My position on despair is an odd one. I think that despair is, or at least can be, a good thing. Despair is a virtue, a habit of the correct functioning of the human spirit. Despair is not a meaningless blackness, nor a simple lack of hope, it is a more complex psychological state, and one that has a role to play in the healthy mind, not just in an unhealthy mind. Not all despair is valuable despair, properly functioning despair; just as not all humor, or passion, or resoluteness is valuable. Resoluteness can be a form of courage or stubbornness depending on the situation. In moral talk, we say that resoluteness can be a virtue or a vice depending on the situation. In just the same way, I hold that despair can be a vice, a counter-productive mental or spiritual tendency (as pretty much everyone else holds). But unlike everyone else, I hold that despair can also be a virtue, a productive, helpful, right-functioning mental or spiritual tendency.

Many virtues, called moral virtues, exist as the mean between two extremes, the balancing point between opposite errors. Courage is the classic example. Too much fear of danger and one acts cowardly, and fails to take advantage of manageable risks. Too little fear of danger and one acts foolhardy, and takes risks that ought not to be taken. Fear of danger has a useful role to play in our psyches or spirits, but so does resistance to fear of danger. When these two are in proper balance, and we feel the right amount of fear, and the right amount of resistance to fear, we are experiencing the virtue of courage. Similar things could be said about overeating and undereating, or indeed any appetite, or about anger or many other psychological factors. Anger and fear are not bad things simply; they are proper and healthy adaptations to a world that includes injustice and risk. Injustice ought to make us angry, and risks ought to make us fearful. Just not too angry or fearful. And of course, both emotions would have no useful role left in a world without injustice or risk.

But not every virtue works this way. Physical strength, for example, is a virtue (it helps us to act well in the world), and one that a rational person should want as much of as they could get without giving up some other valuable good. Weightlifting takes time that we could be using for other good things, like community service or enjoying our friendships. But if someone invented a way to become stronger without giving up some other good thing, we should take it. Similar things could be said about intelligence or health or beauty or friendship.

Christian philosophers took this rough position on virtue from the Greeks and Romans, and noted that there was one more category of virtues which they called theological virtues: faith, hope, and love. In the Gnostic Tradition of Valentinius gnosis – that is direct mystical experience or knowledge by acquaintance is also a theological virtue. In the Catholic tradition, the theological virtues are ones which can be developed only by the grace of God, not by any human effort. More importantly they are not the mean between two extremes of vice. You can have insufficient faith, but there is no such thing to the Catholic theologians as having too much faith. Likewise, you can never have too much love. You can love the wrong objects (the sinful act, rather than the sinner who does it), you can have too much passion in your loving, but love itself can never be excessive.
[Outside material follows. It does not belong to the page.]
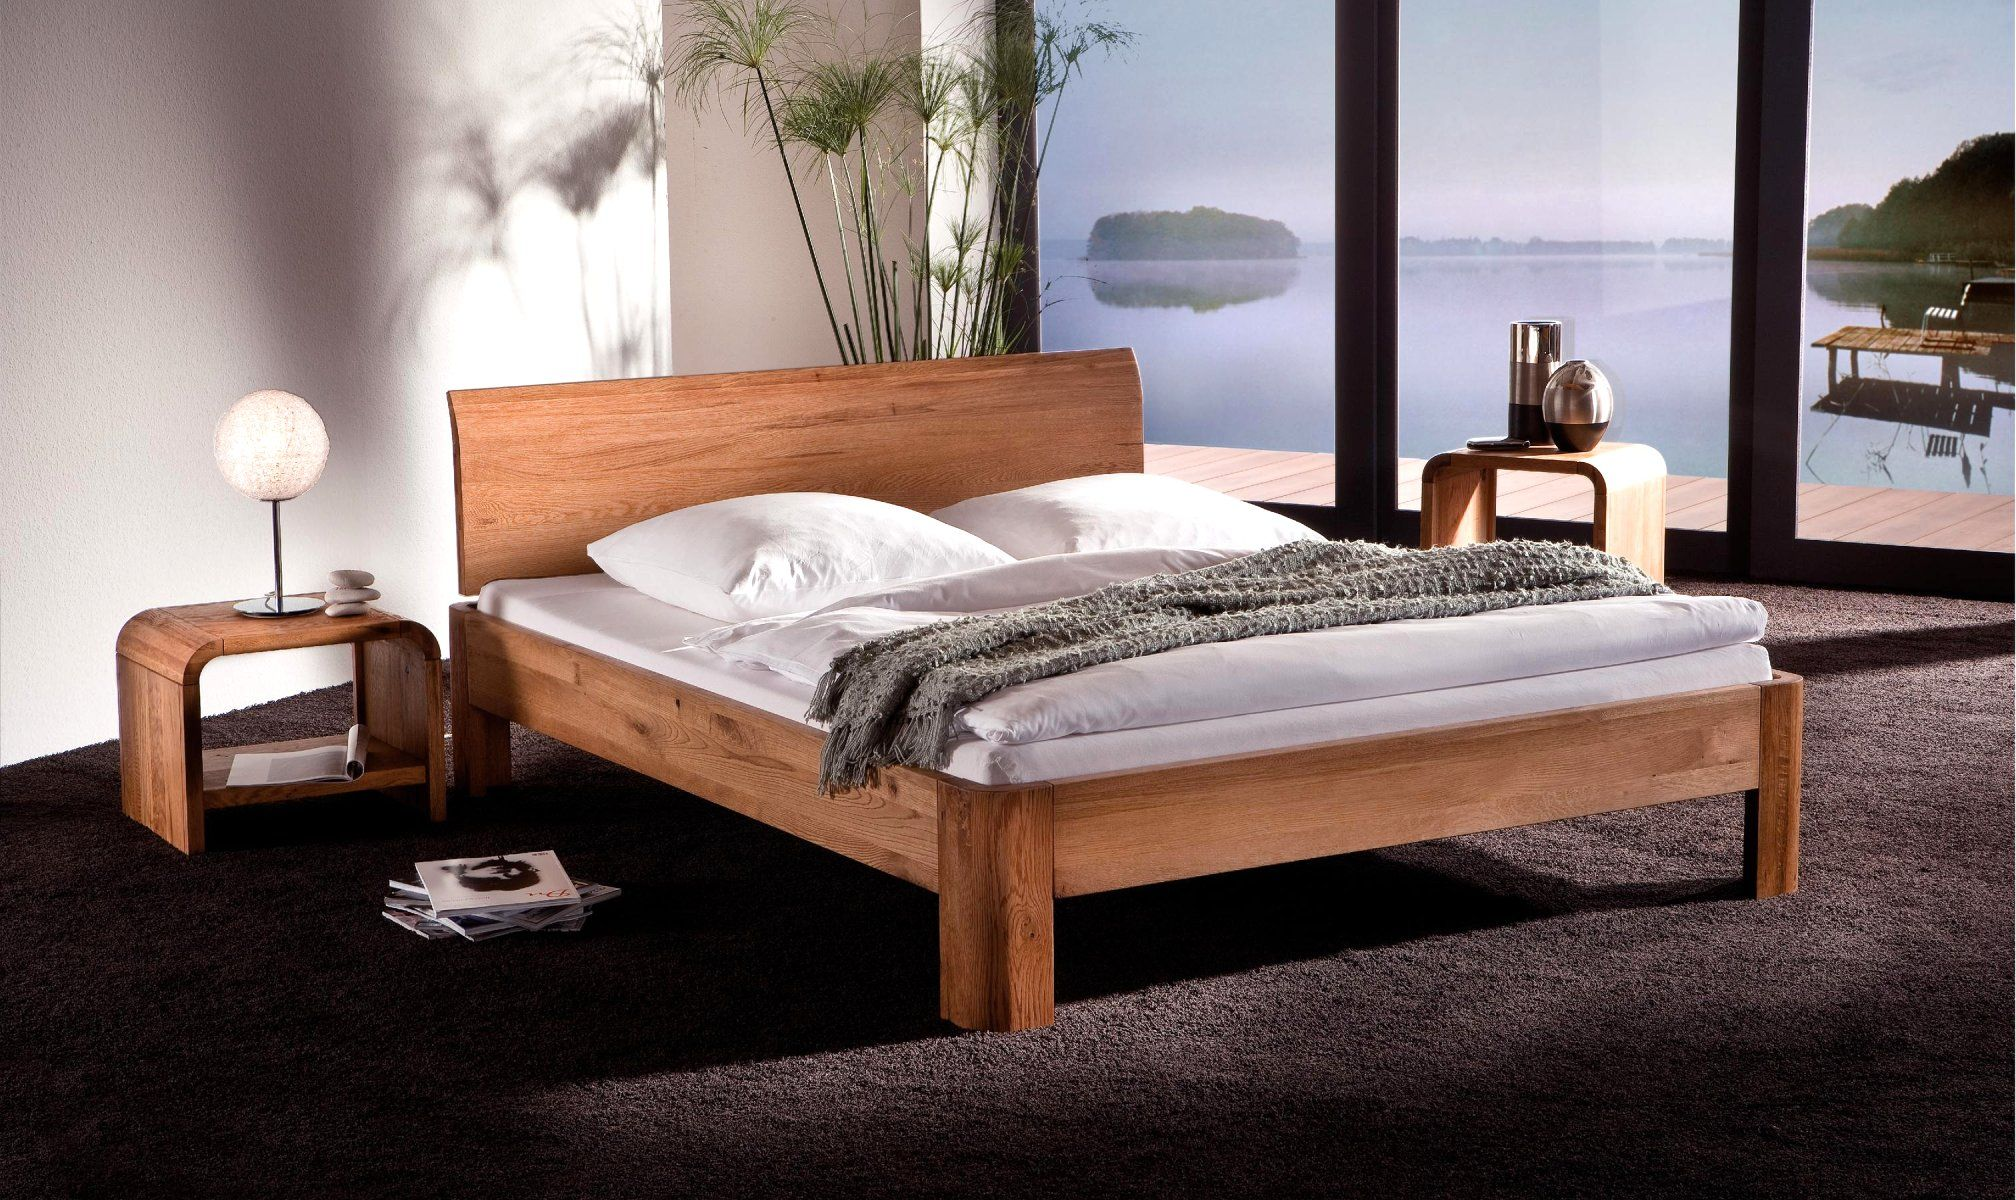 hasena oak line met hoofdbord lisio en bedpoten ronda
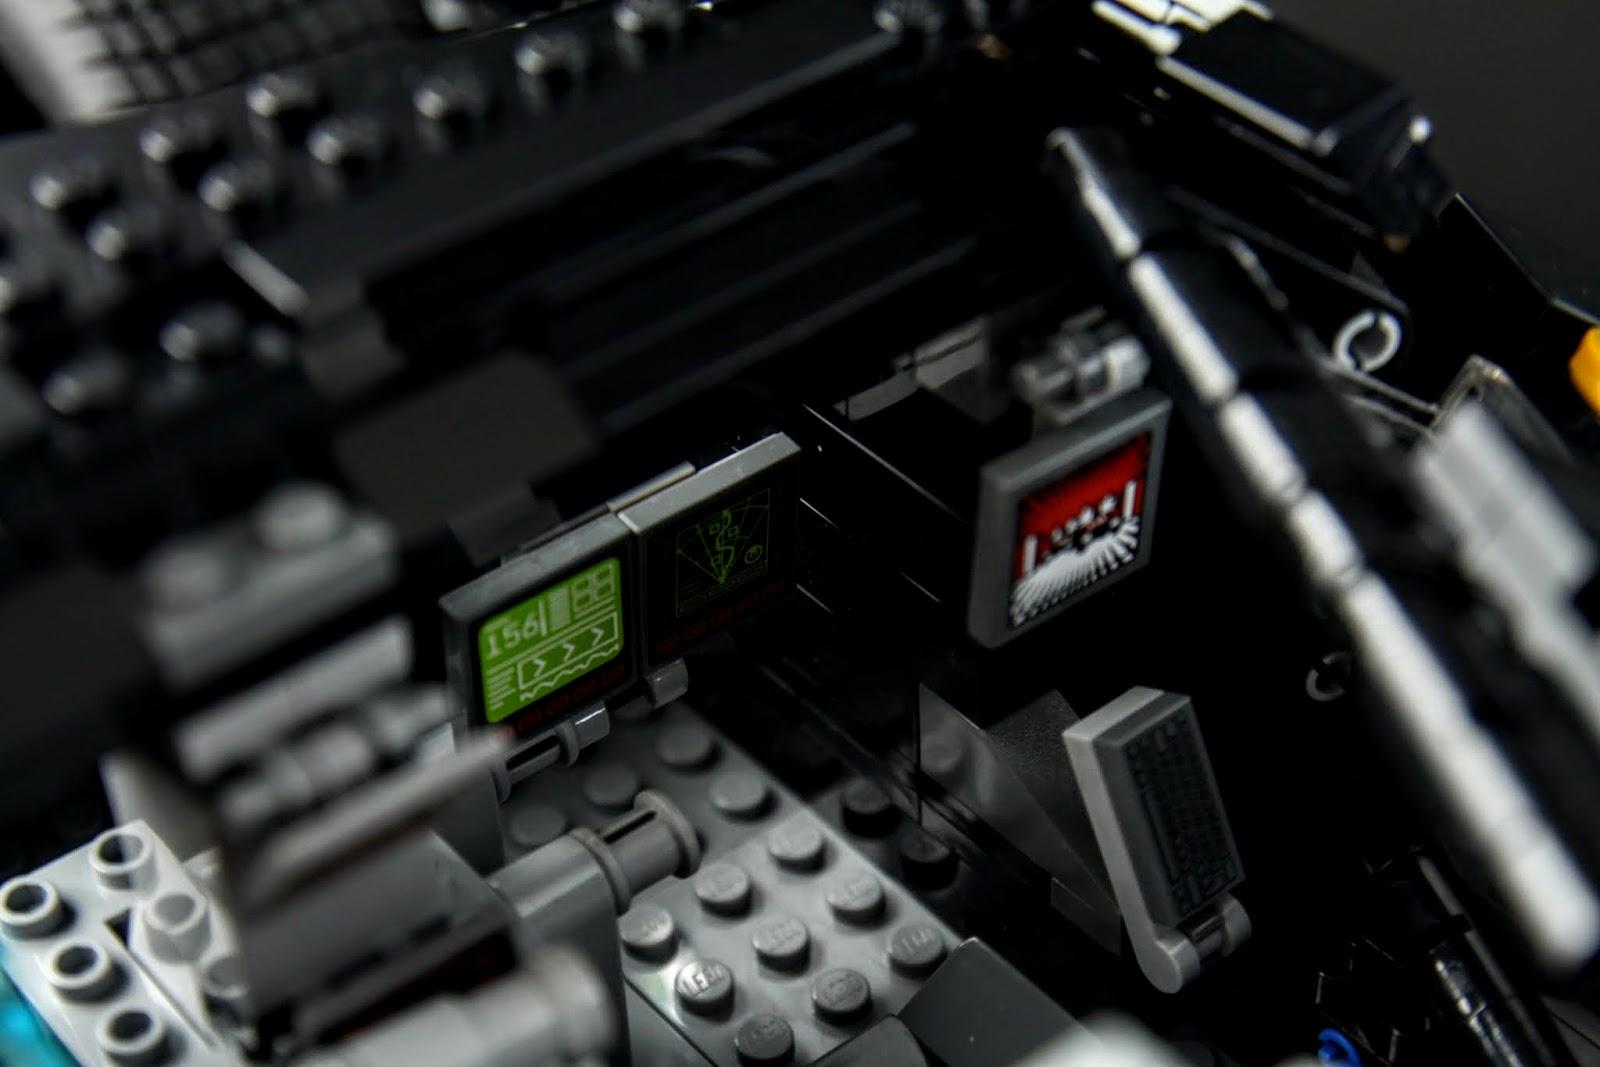 各狀態的儀表板也有用貼紙表現功能

My position is that the opposite of a theological virtue is not a vice, but another competing theological virtue. Love has a valuable role to play in the human psyche, but indifference does too. Indifference is the root of detachment, of accepting the good and the bad alike with equanimity. Indifference is the root of justice, of logic, of many kinds of discursive knowledge. Our science works, in part because we can detach our observations, from what we want to happen. We can observe how things ARE quite apart from how we would LOVE for them to be. Indifference is the heart of accepting reality, just as love is the heart of transforming reality. We are beings of power, but not infinite power, and thus we need love to guide our use of our power, and indifference to tailor our use of power to our limits. I am of the opinion that indifference is the true opposite of love, however some think of hate as the opposite of love. I don’t really know anyway for hate to be a virtue, although closely related ideas like anger, or detesting, can be in the right circumstances.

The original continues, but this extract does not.